I’m a longtime Purge fan. While I thought The Purge was pretty simple, it had a nice twist, nice performances, and was exactly the sort of low-budget success story that we should be trumpeting. The Purge: Anarchy, on the other hand, I freaking loved, calling it a true successor to the best of John Carpenter’s ’70s work. I didn’t get a chance to see The Purge: Election Year in the theater, but our man Raul Reyes did, and had a lot of good things to say.
So, needless to say, I’d been aching to get my eyes on this film, and when the opportunity to review the Blu-ray release came along, I was ready and rearing to go. However, the review copy didn’t arrive on time, and we missed the chance to run this review in advance of its release. But with the actual US Presidential election coming up, I pulled an Editor-in-Chief move and held on to this until today.
My personal politics are a little bitter with a side of idealism. I’m a social anarchist with socialist leanings. I support gun rights, I’m pro-abortion rights, anti-death penalty, pro-marriage equality, and anti-racist/sexist. I think there’s a class war going on, but it’s a top/down affair and the rich and powerful and doing everything they can to beat the middle class out of existence and keep the poor in their perceived place.
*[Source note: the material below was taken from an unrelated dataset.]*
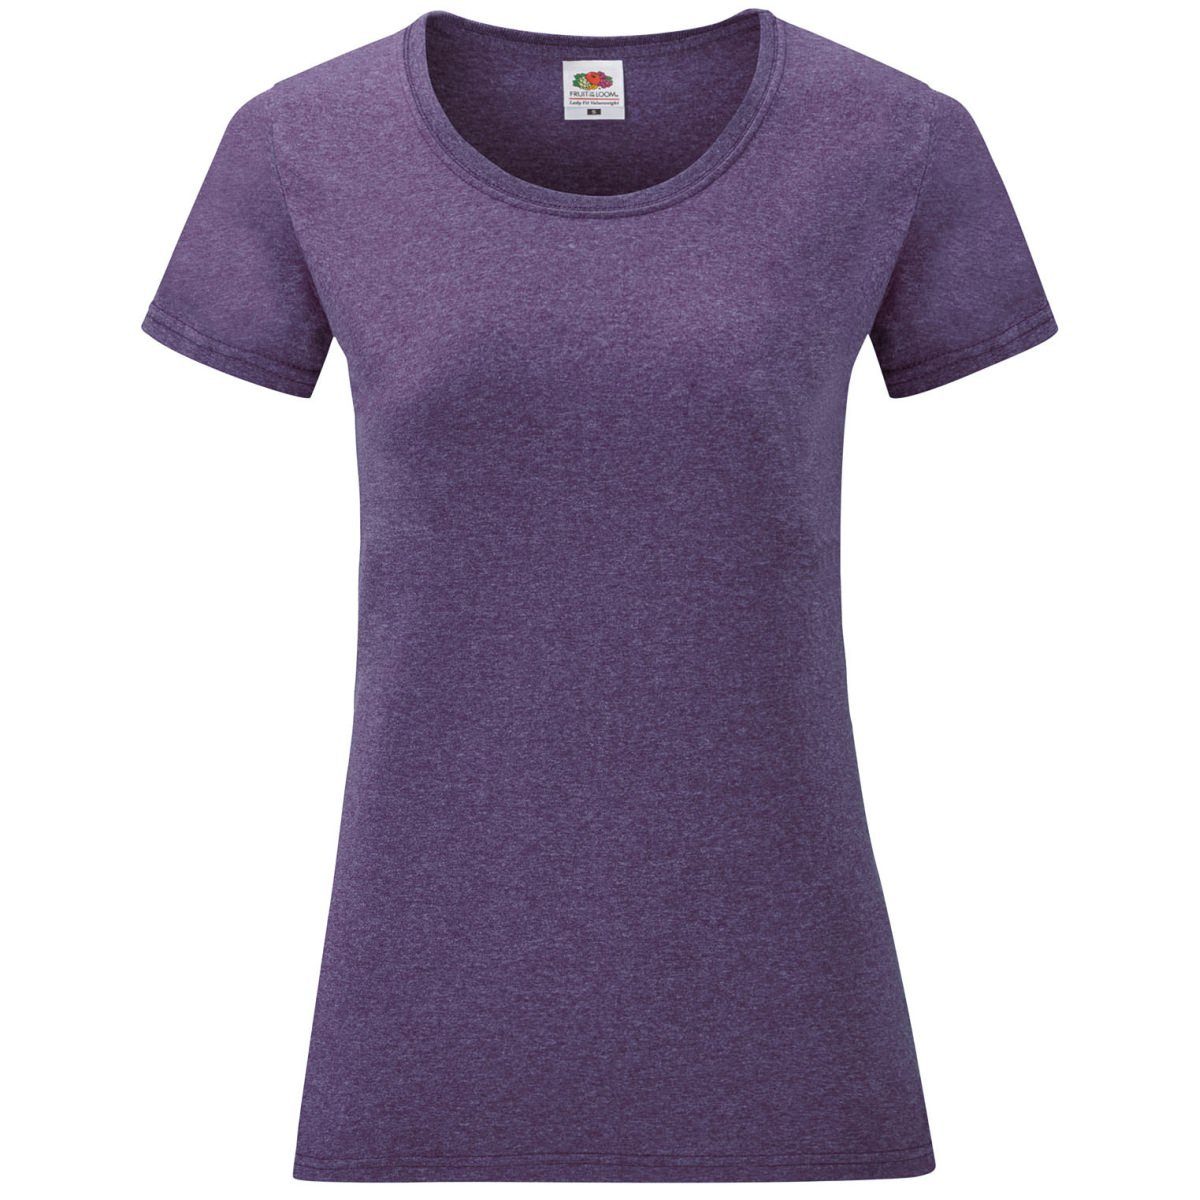 Fruit of the Loom Rundhalsshirt Fruit of the Loom Valueweight T Lady-Fit violett meliert

I think the election is rigged, not by left or right, but by money and there’s never going to be a way to fix it without burning the whole thing down and starting from scratch – which would probably end up putting us in the same place or worse.
Let me just say that The Purge: Election Year opens with T-Rex’s “20th Century Boy” and ends with Bowie’s “I’m Afraid of Americans.” For some of you out there, that should be enough to know whether or not this film’s for you.
It was definitely for me.
The film opens with a flashback to 18 years prior, where a Purge participant is making a family listen to his Purge Playlist, which ends with “20th Century Boy” and then “We Got the Funk” by George Clinton and Parliament. Turns out this is the family of current Senator Charlie Roan (Elizabeth Mitchell) and now, eighteen years later, she’s fighting to put an end to the Purge, much to the chagrin of the current ruling party, the NFFA (New Founding Fathers of America). Heading up her security detail is Secret Service agent Leo Barnes, who you might remember from The Purge: Anarchy, and is played to gruff perfection by Frank Grillo.
The NFFA, headed by Mike Pence lookalike Caleb Warrens (Raymond J. Barry), is backing Minister Edwidge Owens (Kyle Secor) for the Presidency, and since Roan is gaining ground, they make a desperate play to finish her off for good: they relax the law keeping political figures safe during the Purge. From that point, we get about twenty-five minutes of character set-up as we’re introduced to our lower-income heroes, shop-owner Joe Dixon (Mykelti Williamson), immigrant-with-a-dark-past-and-heart-of-gold, Marcos (Joseph Julian Soria), and former Purge Night superstar legend, Laney Rucker (Betty Gabriel).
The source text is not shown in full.